Hi,
How do we deal with headers in csv file.
For example:
id, counts
1,2
1,5
2,20
2,25
... and so on
And I want to do a frequency count of counts for each id. So result will be
:
1,7
2,45
and so on..
My code:
counts = data.map(lambda x: (x[0],int(x[1]))).reduceByKey(lambda a, b: a +
b))
But I see this error:
ValueError: invalid literal for int() with base 10: 'counts'
at
org.apache.spark.api.python.PythonRDD$$anon$1.read(PythonRDD.scala:131)
at
org.apache.spark.api.python.PythonRDD$$anon$1.<init>(PythonRDD.scala:153)
at org.apache.spark.api.python.PythonRDD.compute(PythonRDD.scala:96)
at org.apache.spark.rdd.RDD.computeOrReadCheckpoint(RDD.scala:241)
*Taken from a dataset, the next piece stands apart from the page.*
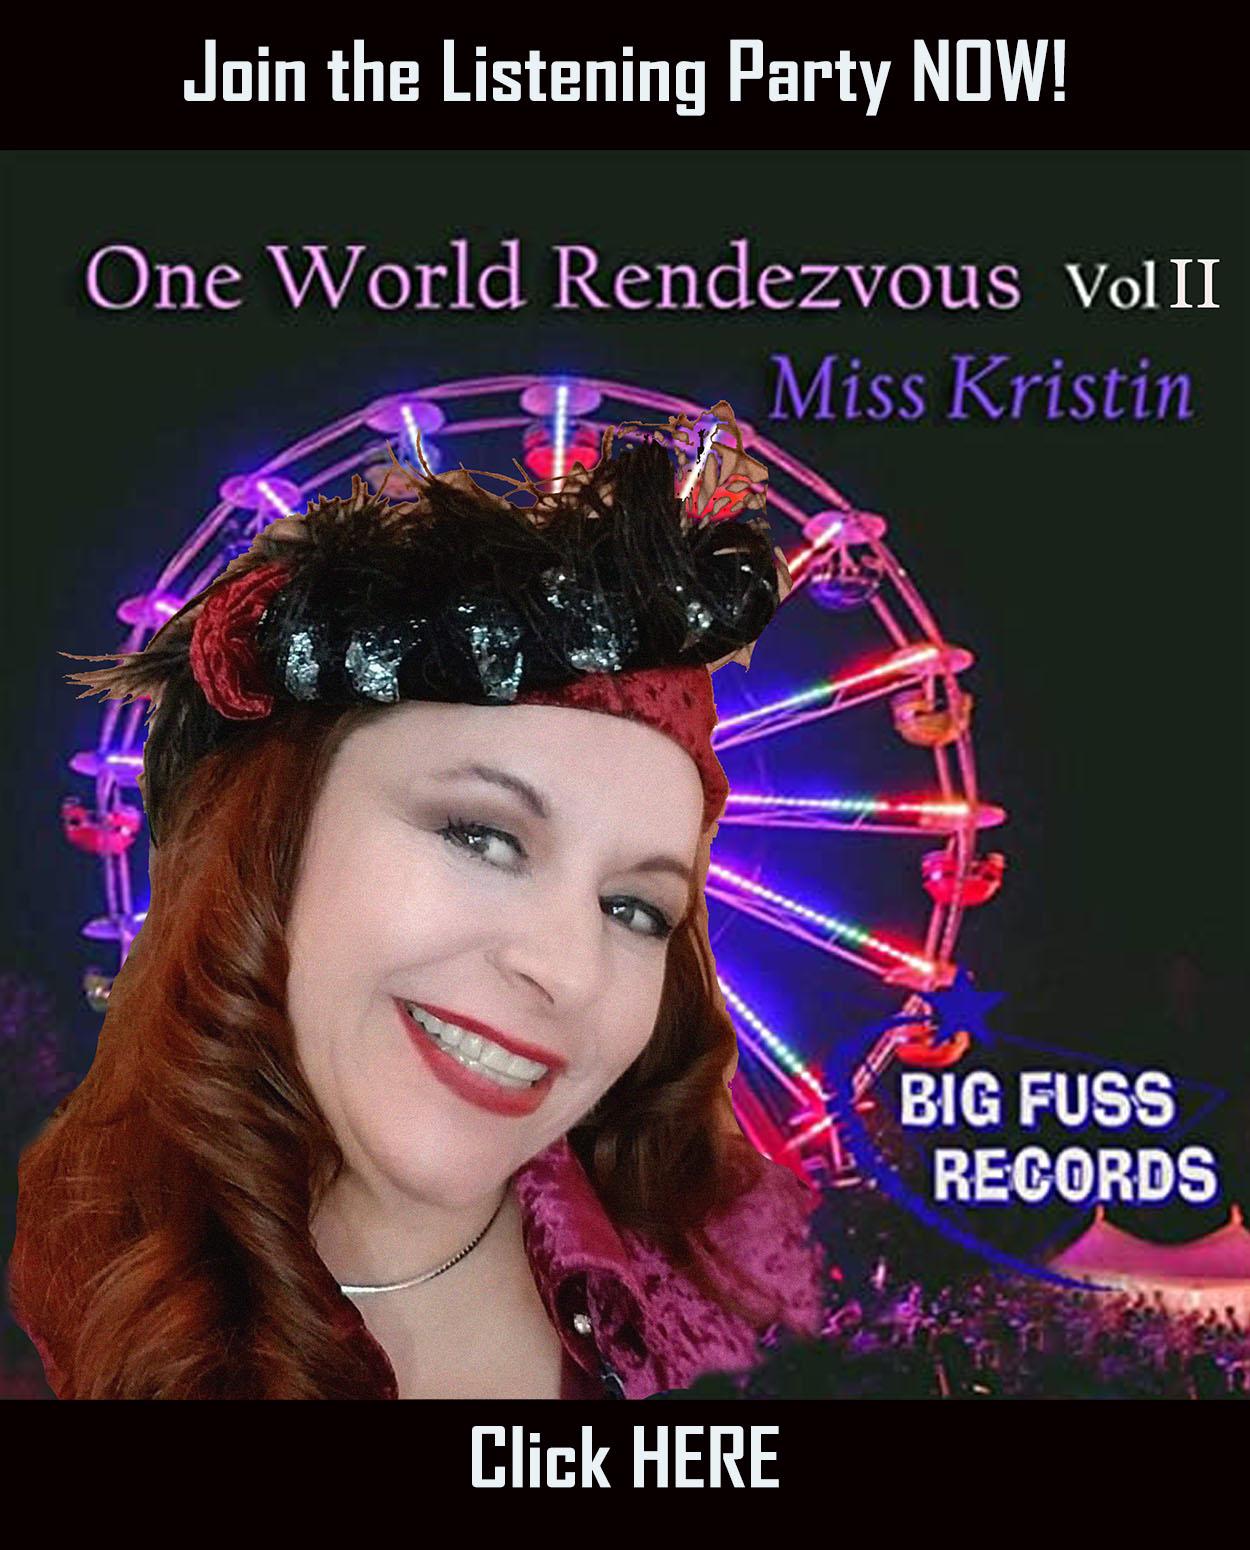 Miss Kristin, Listening Party

at org.apache.spark.rdd.RDD.iterator(RDD.scala:232)
at
org.apache.spark.scheduler.DAGScheduler.runLocallyWithinThread(DAGScheduler.scala:694)
at
org.apache.spark.scheduler.DAGScheduler$$anon$1.run(DAGScheduler.scala:679)
I guess because of the header...
Q1) How do i exclude header from this
Q2) Rather than using pyspark.. how do i run python programs on spark?
Thanks